Влияние микропластиков также привлекает внимание как новая форма воздействия EDC-подобных соединений. Полиэтиленовые микропластики активируют апоптоз в клетках яичников карпа, в том числе через каскад miR-132/CAPN (англ. microRNA-132/calpain; микроРНК-132/кальпаин), регулирующий экспрессию проапоптотических генов. Дополнительно отмечена активация воспалительного пути TRAF6/NF-κB (англ. TNF receptor-associated factor 6/nuclear factor kappa-light-chain-enhancer of activated B cells; фактор, ассоциированный с рецептором опухолевого некроза 6/ядерный фактор κB, усиливающий экспрессию легкой цепи иммуноглобулина в активированных B-клетках), что указывает на сочетанное влияние апоптоза и воспаления в патогенезе нарушения овариальной функции [55].
Эти результаты подчеркивают, что EDC оказывают полиморфное и многокомпонентное воздействие на клетки яичников, нарушая как пролиферативные, так и антиапоптотические механизмы, что приводит к преждевременному истощению фолликулярного пула и, как следствие, снижению фертильности и риску бесплодия. Учитывая критическую роль сбалансированной регуляции клеточной гибели в поддержании овариального резерва, дальнейшее исследование молекулярных механизмов EDC-индуцированного апоптоза является приоритетной задачей в области репродуктивной токсикологии.

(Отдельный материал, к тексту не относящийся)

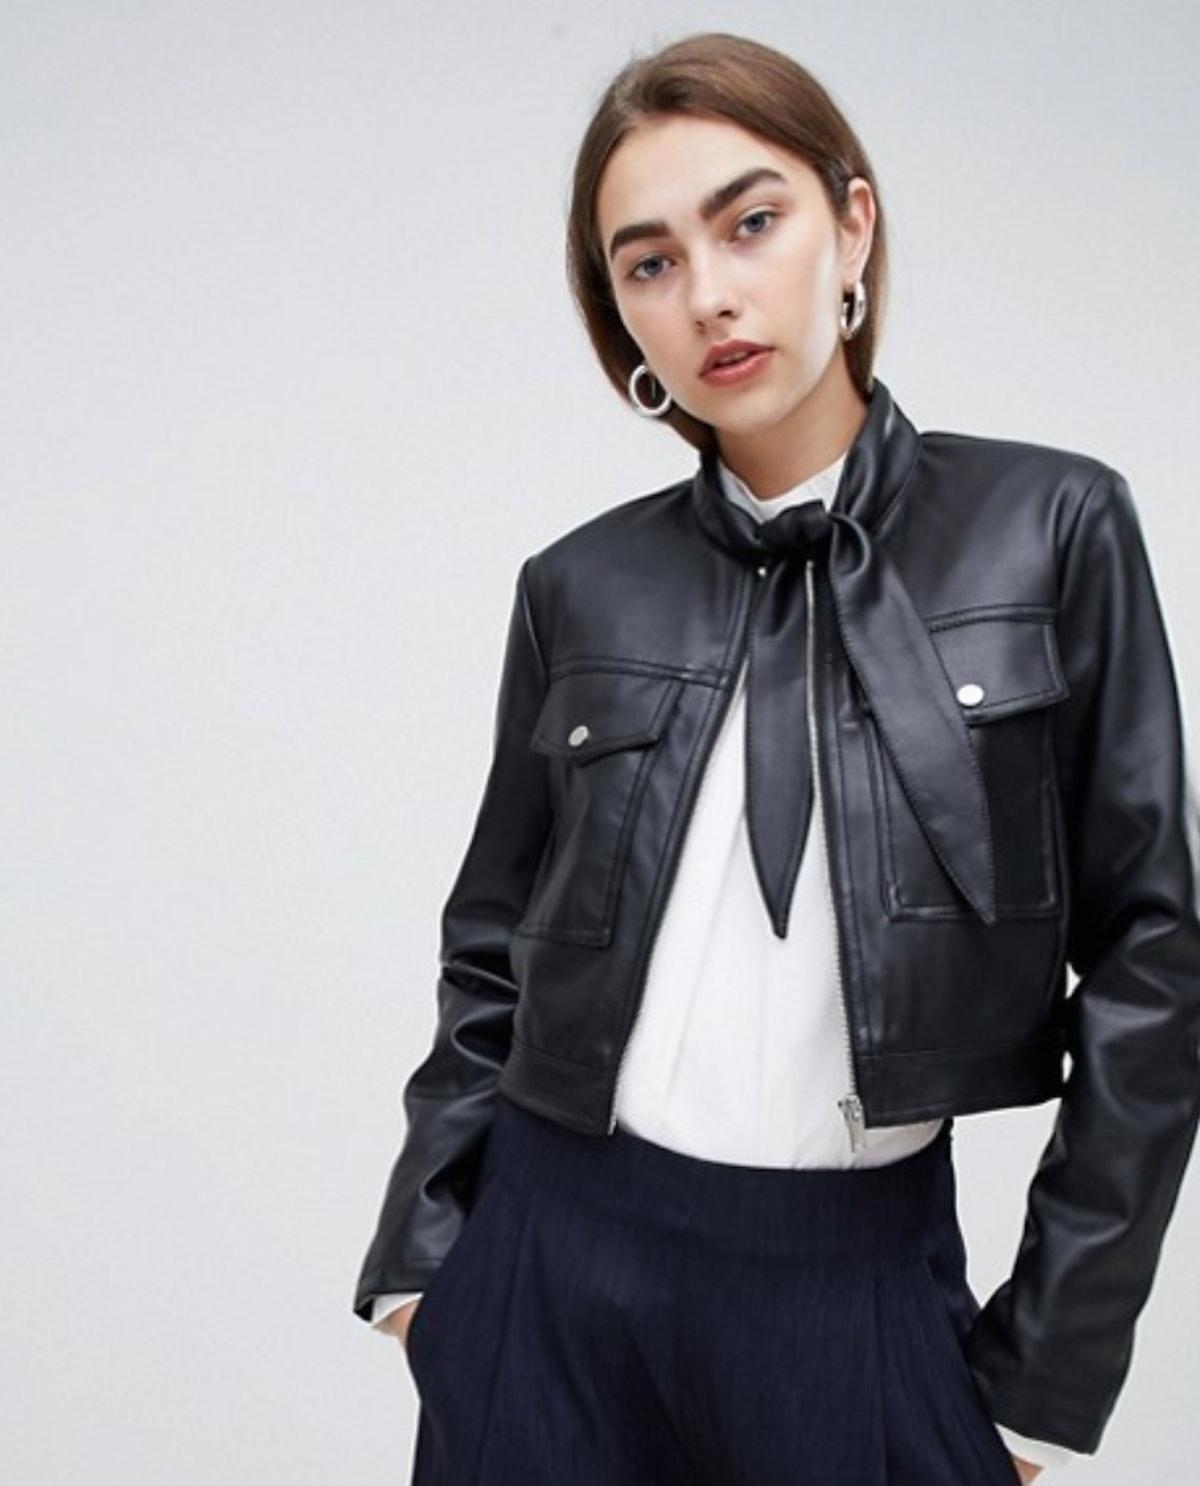 ASOS DESIGN Tie Neck Leather Look Jacket

Эпигенетические механизмы овариальной дисфункции, индуцированной EDC / Epigenetic mechanisms of EDC-induced ovarian dysfunction
Наряду с прямым действием на гормональные рецепторы и сигнальные пути, EDC способны оказывать долговременное влияние на репродуктивную систему посредством эпигенетических модификаций. Эти изменения, происходящие на уровне регуляции генной экспрессии без изменения первичной последовательности ДНК, включают в себя нарушения метилирования ДНК, модификации гистонов и изменение активности некодирующих РНК [56].

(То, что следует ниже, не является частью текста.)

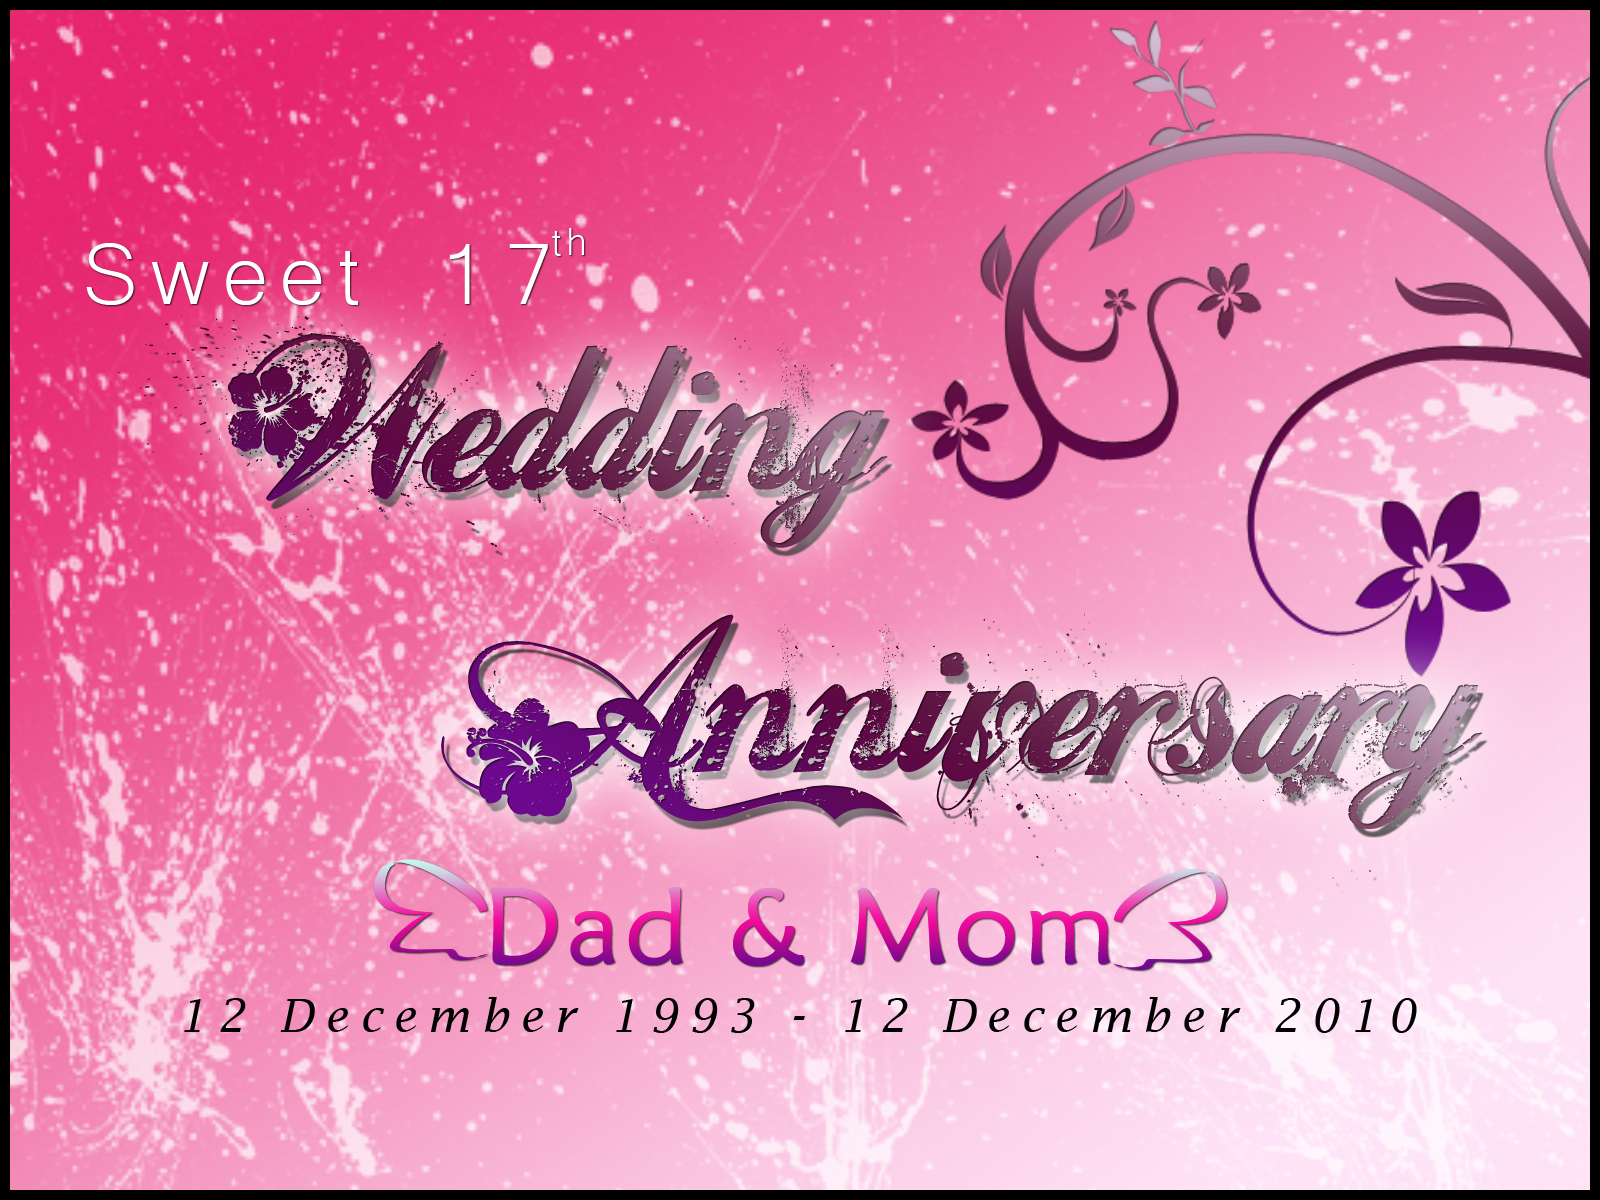 adiheikal&39;s BLOG WEDDING ANNIVERSARY, MY MOM & DAD

В отличие от краткосрочного взаимодействия с рецепторами, эпигенетическое воздействие EDC может формировать устойчивые фенотипические изменения, передающиеся клеточному потомству, а в ряде случаев и сквозь поколения [57–60]. Например, полихлорированные дифенилы (ПХД) и бензапирен нарушают активность ДНК-метилтрансфераз (англ. DNA methyltransferase, DNMT) – ферментов, ответственных за установление и поддержание метильных паттернов, что сопровождается как гипометилированием, так и гиперметилированием отдельных генов [61][62].
Исследования на клеточных культурах и модельных животных показывают, что бензапирен снижает общие уровни 5-метилцитозина, ингибируя экспрессию DNMT1 и DNMT3a, с последующим формированием геномной нестабильности [63][64]. В экспериментах на рыбах медака воздействие бензапирена индуцировало дифференциально метилированные регионы в сперматозоидах поколения F1, сопровождающиеся нейротоксичностью у потомства, что иллюстрирует потенциал эпигенетической передачи токсического эффекта [65].
Полихлорированные дифенилы также способны нарушать эпигенетическую регуляцию, снижая экспрессию DNMT1 в яичках плодов, что приводит к глобальному гипометилированию ДНК и нарушению сперматогенеза у потомства [61]. Интересно, что воздействие ПХД в период лактации повышает экспрессию DNMT1, DNMT3a/b и DNMT3L в клетках Лейдига, вызывая гиперметилирование промоторов стероидогенных генов, что нарушает синтез тестостерона и гормональный гомеостаз [66].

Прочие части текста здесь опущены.